CAF ROOT based format. Contains everything required for analysis. About 20kB/event

Evolution

The sequence above used to include a DST between RAW and TMB++. This was the output of the reconstruction program. The data load was huge, and it was hardly used, and thus discarded.

Data Access and SAM

All data access is via SAM. SAM is a huge meta-data system, and containing trace information on every file, its parentage, and even contains event level information (triggers fired, for example). It is possible to define data sets (collections of files) based on SQL queries. These are used to define a list of TMB++ files, for example, that span a run range and reconstruction version. SAM has been hugely successful from a production point of view. The single analyzer overhead, however, is still large and most single analyzers avoid it if they can.

Streams

Add analysis (99%) start with streamed data.

  1. Stream definitions based on both trigger and reconstructed object cuts. So events will move in and out of stream depending upon the reconstruction version.
    • Done to keep streams small for fast access.
  2. Streams do overlap. There are major efforts underway to reduce overlaps and thus decrease the total size of the data.
  3. Streams are handled by a central group, the Common Samples Group (CSG).
    1. Responsible for streaming the events.
    2. Responsible for making sure the data has latest corrections and fixes applied.
    3. Responsible for generating the CAF and TMB stream formats and putting it into SAM with appropriate metadata.

Typical Data Access Scenario

  1. Physics group submits skim criteria to Common Samples Group (CSG).
  2. CSG decides the skim has only small overlap with an already existing skim (otherwise the physics group must re-skim).
  3. The CSG modifies a huge skimming executable with the new skims criteria. Mostly this is modifying text files which specify what criteria an event must satisfy (triggers fired, EM object pT>5, medium quality muon, etc.).
  4. CSG manages running on the full dataset (or requested sub-set) and TMB++ skim files are produced.
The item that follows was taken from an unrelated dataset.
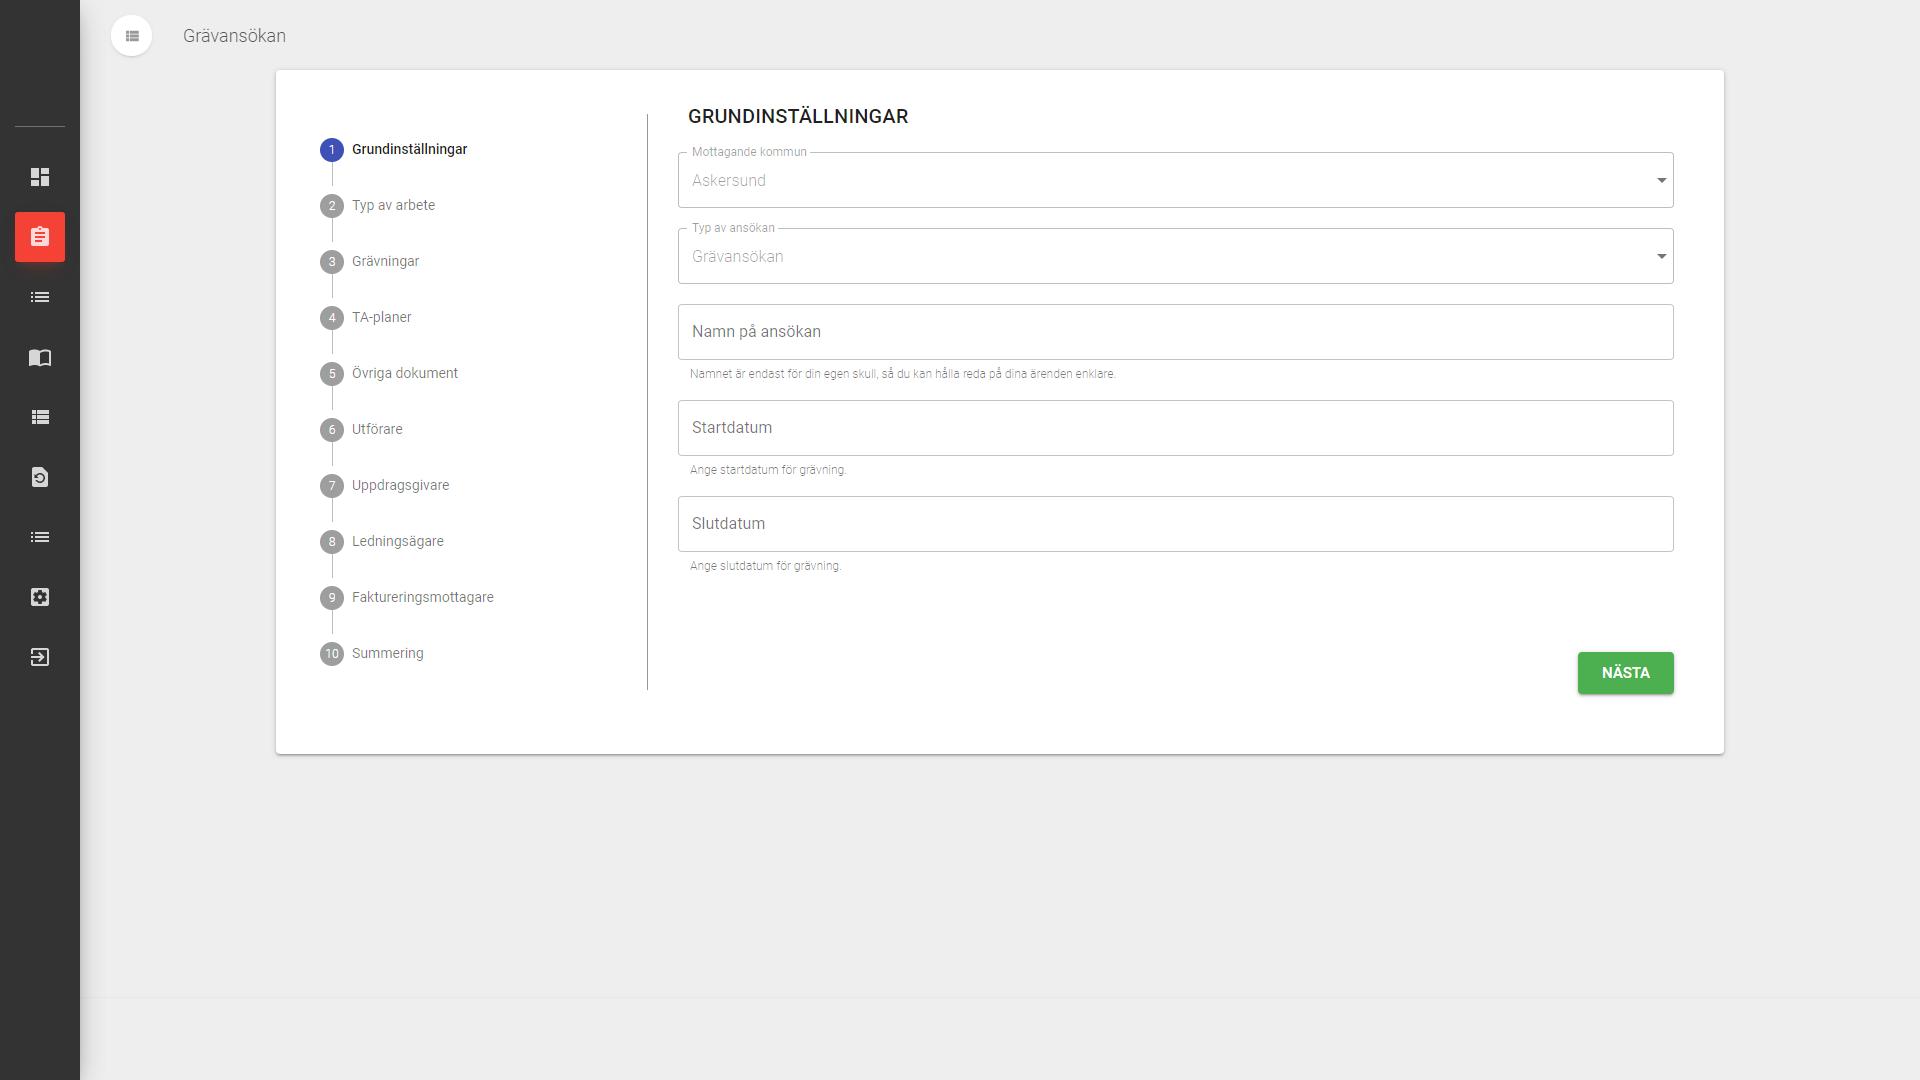 Enkelt ansökningsformulär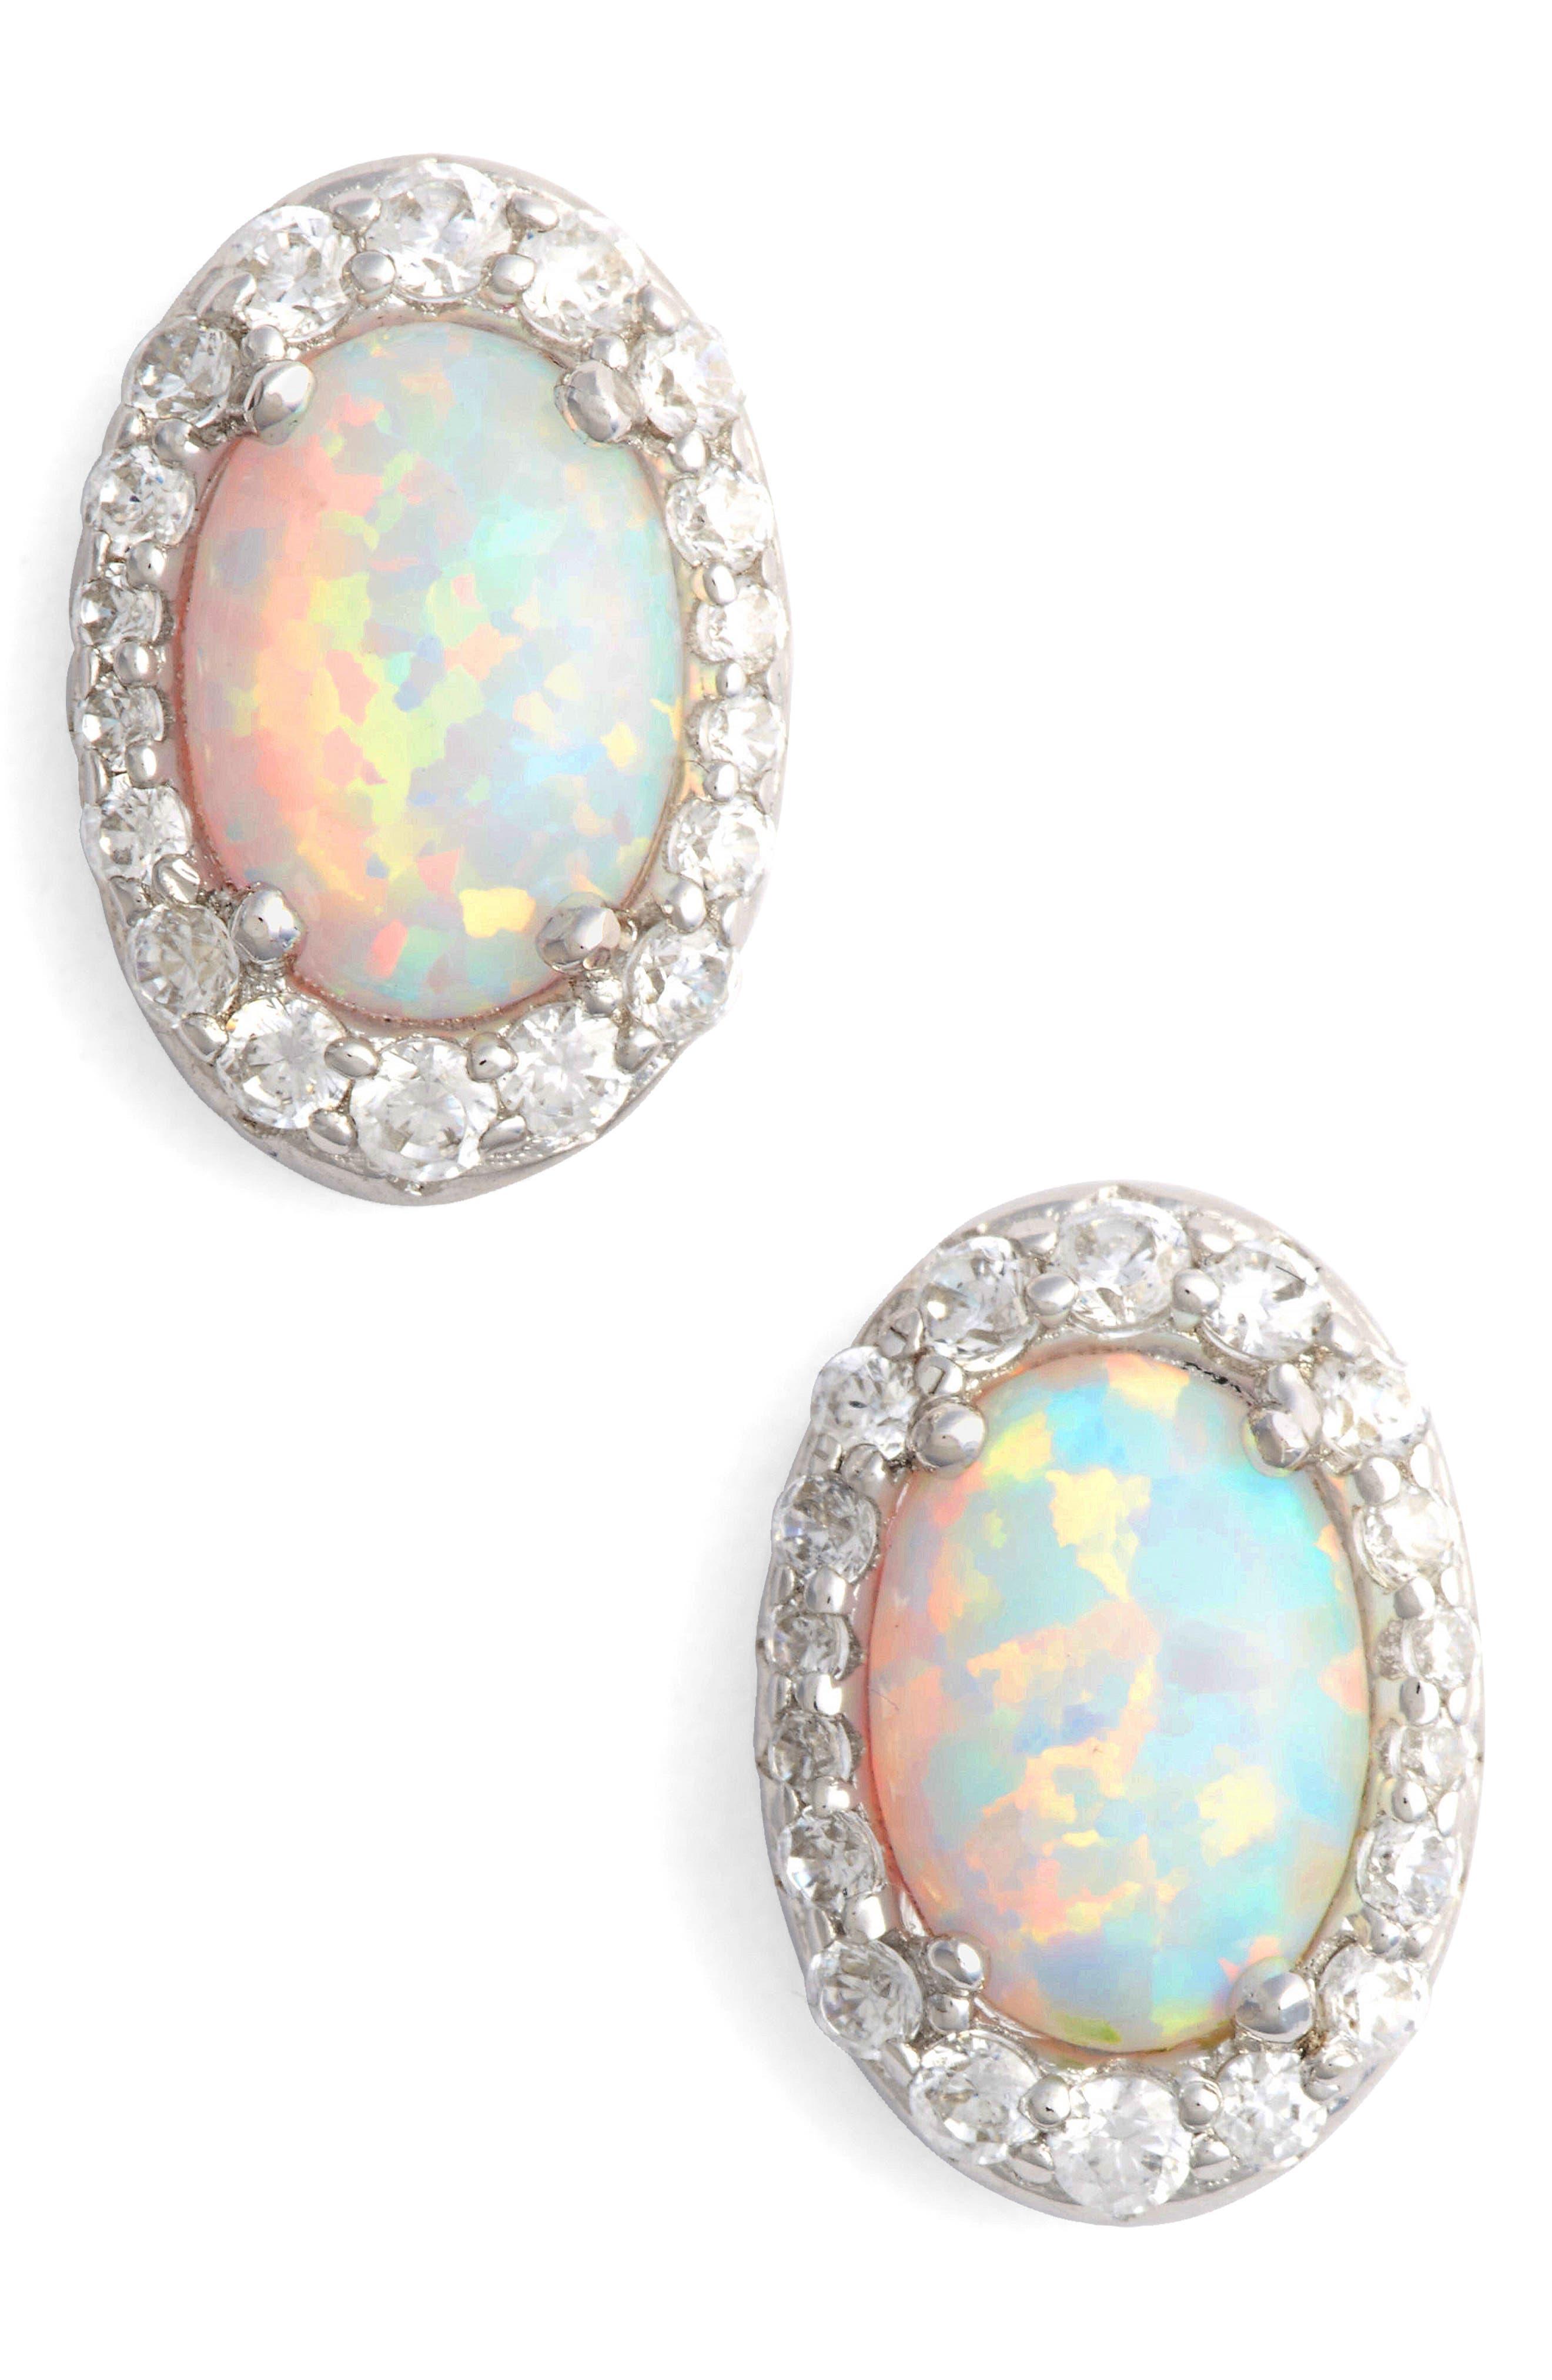 Simulated Opal Halo Stud Earrings,                             Main thumbnail 1, color,                             100

They are stored in SAM.
  5. CSG then fixes data (if required) and writes out the root format, CAF. These are usually stored in SAM, but may also be pinned to disk for easy analyzer access.
  6. Depending, the physics group may re-skim the resulting data files, and make a local copy. Sometimes this involves adding branches to the CAF format (though no one has done this yet).
  7. The analyzer will often copy the resulting CAF files locally, or a subset, and set up their analysis job. Once it is coded up and ready to go...
  8. If the # of CAF files is large, and thus they reside in SAM and not all on disk, one of the large analysis farms will be used. There are scripts which automate the submission of multiple parallel batch jobs on a single dataset (as defined in SAM).
  9. If the # of CAF files is small, or resides on disk, then perhaps the user will submit regular batch jobs to the user computer cluster (clued0) or even run interactively.

Differences

AOD Back Access

DZERO data formats to not know about each other. If there is data missing in the CAF format the analyzer is out of luck.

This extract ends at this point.